- **TASK DETAILS**
Would you please repeat, word for word, only the lines from the one holding "Mit dieser Broschüre" through the one holding "С.11.7. Свойства α,β-ненасыщенных" in the material below, without the pictures?

- **RECORDED DATA**
--------------------
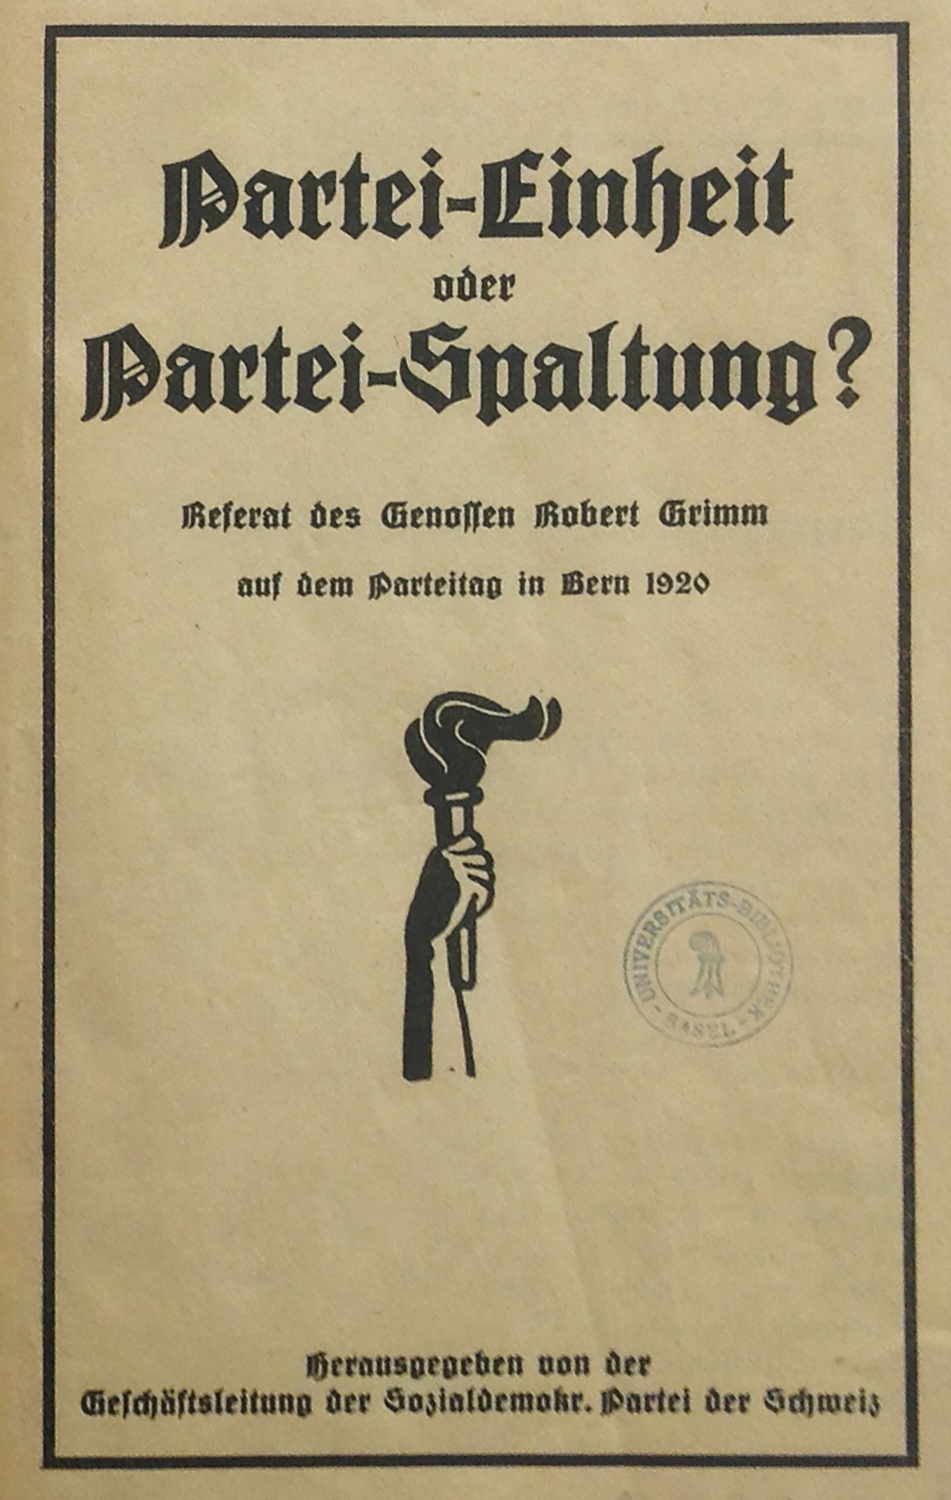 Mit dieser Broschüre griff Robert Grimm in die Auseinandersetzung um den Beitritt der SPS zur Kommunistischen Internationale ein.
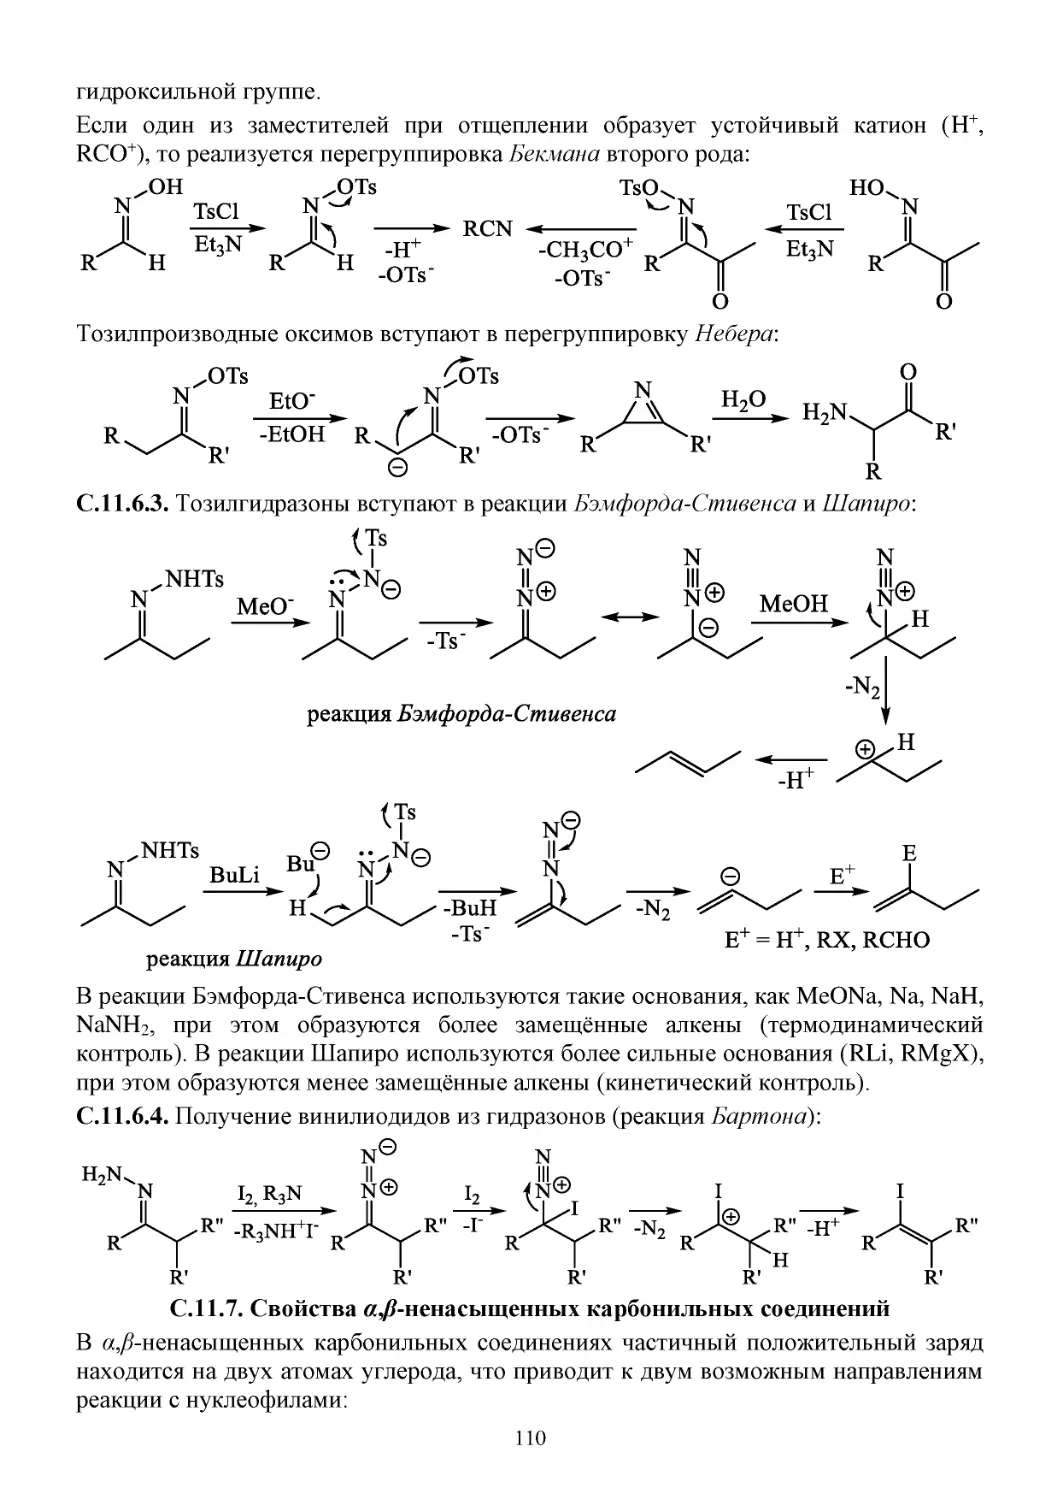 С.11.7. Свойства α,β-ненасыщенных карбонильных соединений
--------------------
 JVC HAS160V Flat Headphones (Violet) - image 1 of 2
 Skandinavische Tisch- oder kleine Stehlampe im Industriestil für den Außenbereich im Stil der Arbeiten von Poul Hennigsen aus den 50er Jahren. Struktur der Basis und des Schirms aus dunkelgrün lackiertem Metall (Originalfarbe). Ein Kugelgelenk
--------------------
- **SOLUTION FOR THIS TASK**
 Mit dieser Broschüre griff Robert Grimm in die Auseinandersetzung um den Beitritt der SPS zur Kommunistischen Internationale ein.
 С.11.7. Свойства α,β-ненасыщенных карбонильных соединений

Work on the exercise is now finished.